The work takes shape as a landscape constructed from urban waste, where floors, walls, and objects form a unified body made of lime mortar, PVC from theatrical signage, industrial foam, and offering wax. At the core of the project is an L-shaped structure measuring 5 × 3 meters, which reinterprets the fresco technique on reclaimed industrial supports. The mortar is applied wet over continuous working days, without a pursuit of perfection, allowing the material to reveal its own character. Orbiting this structure are architectural fragments: foam blocks that simulate concrete, a 3D-printed and distorted Belvedere torso, and a wax sculptural element embedded with sandpaper used by anonymous workers and artists, preserving the labor of those other bodies.

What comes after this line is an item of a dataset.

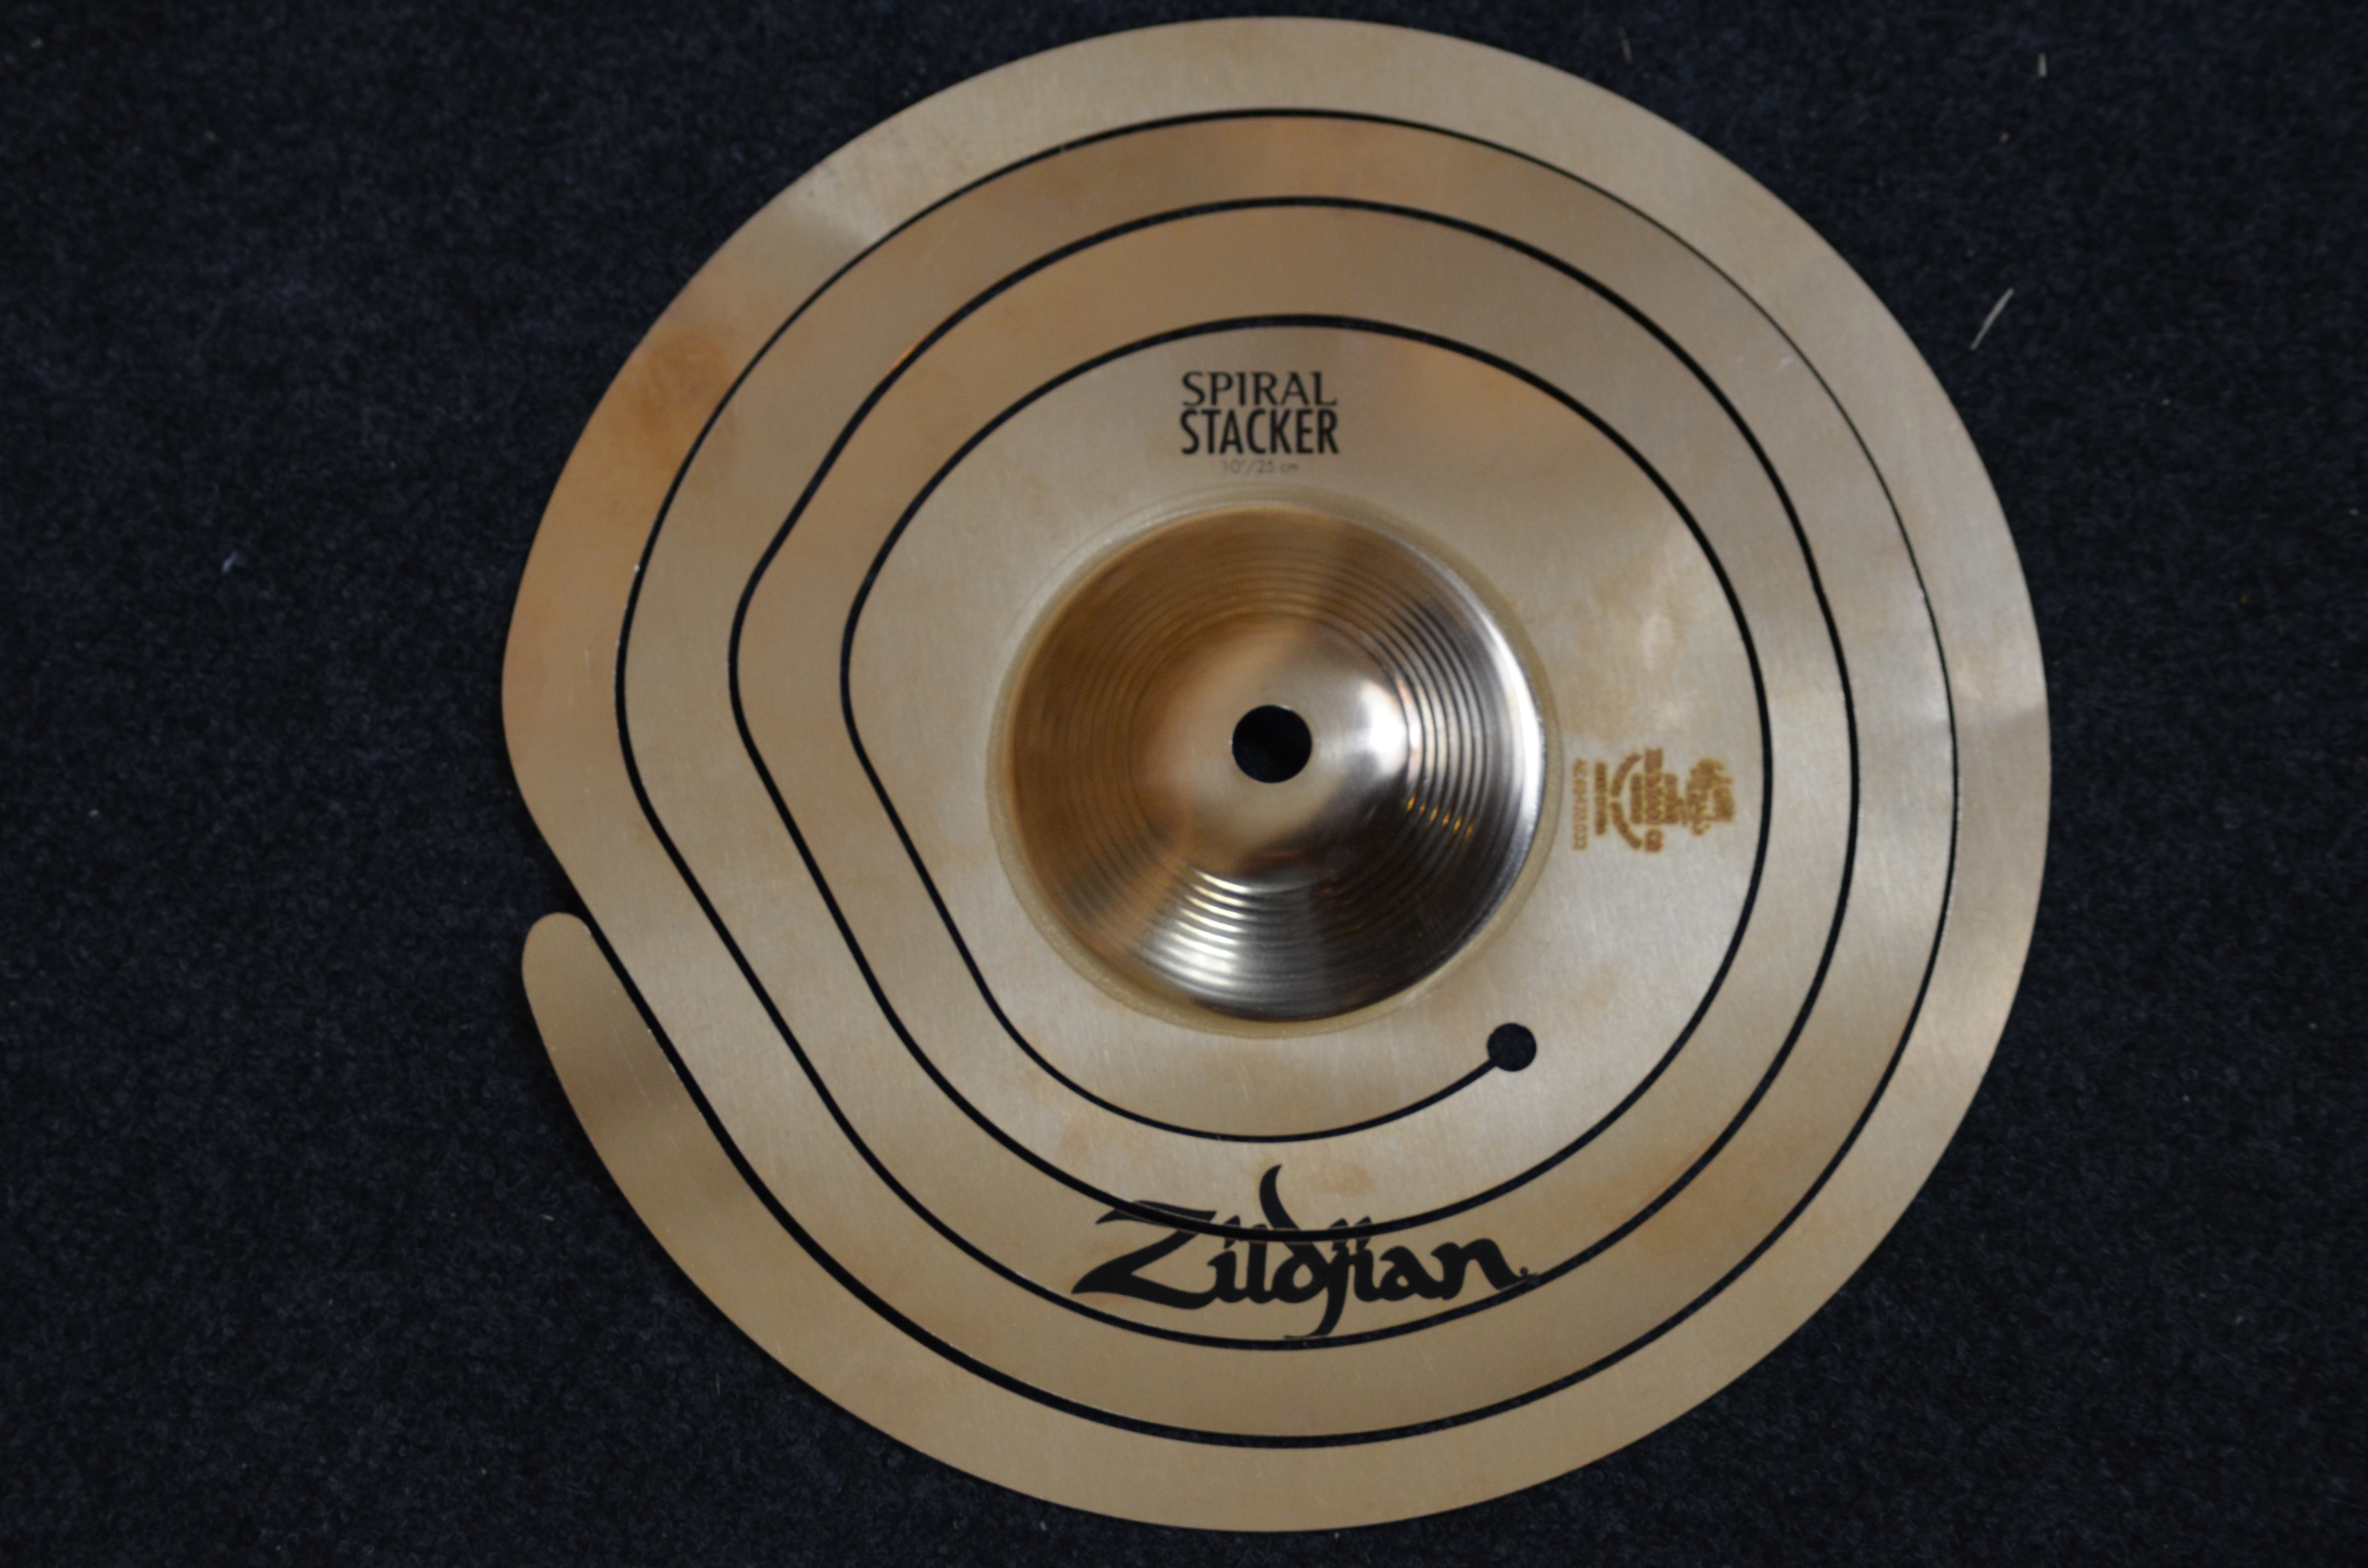 Zildjian Spiral Stacker

A white wax sculptural element functions within the installation as a point of sensory concentration that challenges the gaze. Inside it converge the accumulated faith of offering candles and the industrial residues of the studio, recalling that purity and devotion coexist with the materiality of everyday life. The viewer’s experience thus moves beyond the visual: bending down, smelling, and approaching its vulnerability transforms perception into an intimate, embodied act. Embedded within its density are sanding blocks used by artists, artisans, and laborers, recovered from other contexts, where the sandpaper operates as a trace of the effort of other bodies, following a protocol of registration with no autobiographical intent.

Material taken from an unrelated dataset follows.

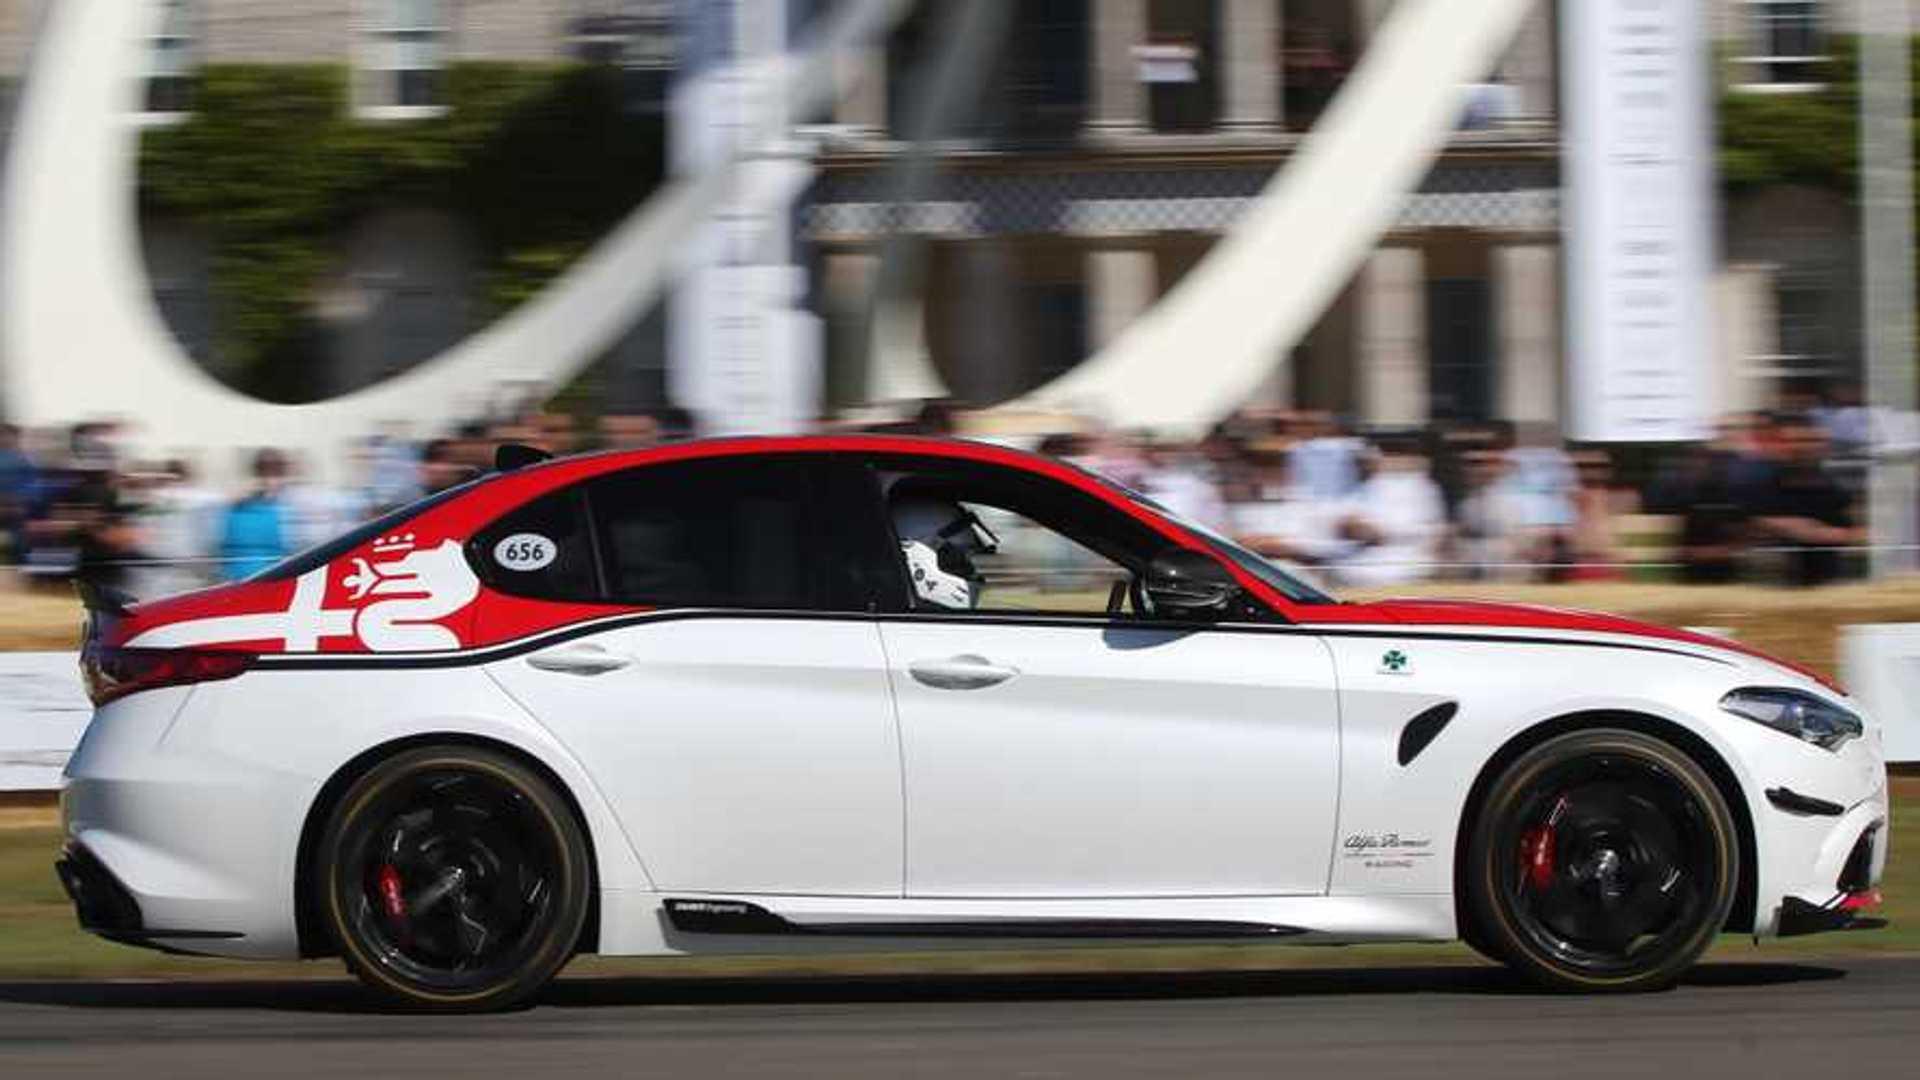 F1 Inspired Alfa Romeo Racing Models Arrive At Goodwood

Despiece. Protocolo de mutación addresses us directly, asking: which memory do we value—the one we consume, or the one we construct with rigor? The audience leaves behind a purely contemplative position to become part of the system, as the effort of moving matter, documentary rigor, and immersive materiality form a body of resistance against a mediated reality. The project thus takes shape as an inner landscape, where floor, surface, and volume articulate an anatomy of residues. Adulteration operates as an analytical methodology applied to the layers of urban reality, intervening in history through theatrical and street advertising, architectural remnants, and administrative protocols, proposing that art can restore the capacity to build one’s own memory, even if inevitably fragmented.



ABOUT THE ARTIST

DANIEL BARRIO (1988, Cuba)

Daniel Barrio (Cienfuegos, Cuba, 1988) is a visual artist whose practice articulates space through painting, understanding the environment as an altered archive open to critical intervention. He studied at the Academy of Fine Arts of Cienfuegos (2004–2008), specializing in painting, and later at the Madrid Film School (ECAM, 2012–2015), where he studied Art Direction. His methodology integrates visual thinking with scenographic narrative.

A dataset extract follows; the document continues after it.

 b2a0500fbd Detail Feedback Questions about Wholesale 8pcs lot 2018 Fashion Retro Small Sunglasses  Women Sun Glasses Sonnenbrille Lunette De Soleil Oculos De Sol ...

His trajectory includes solo exhibitions such as La levedad en lo cotidiano (Galería María Porto, Madrid, 2023), Interiores ajenos (PlusArtis, Madrid, 2022), and Tribud (Navel Art, Madrid, 2019), as well as significant group exhibitions including Space is the Landscape (Estudio Show, Madrid, 2024), Winterlinch (Espacio Valverde Gallery, Madrid, 2024), Hiberia (Galería María Porto, Lisbon, 2023), and the traveling exhibition of the La Rioja Young Art Exhibition (2022).

A member of the Resiliencia Collective, his work does not pursue the production of objects but rather the articulation of pictorial devices that generate protocols of resistance against the flow of disposable images. In a context saturated with immediate data, his practice produces traces and archives what must endure, questioning not the meaning of the work itself but the memory the viewer constructs through interaction—thus reclaiming sovereignty over the gaze and inhabiting ruins as a method for understanding the present.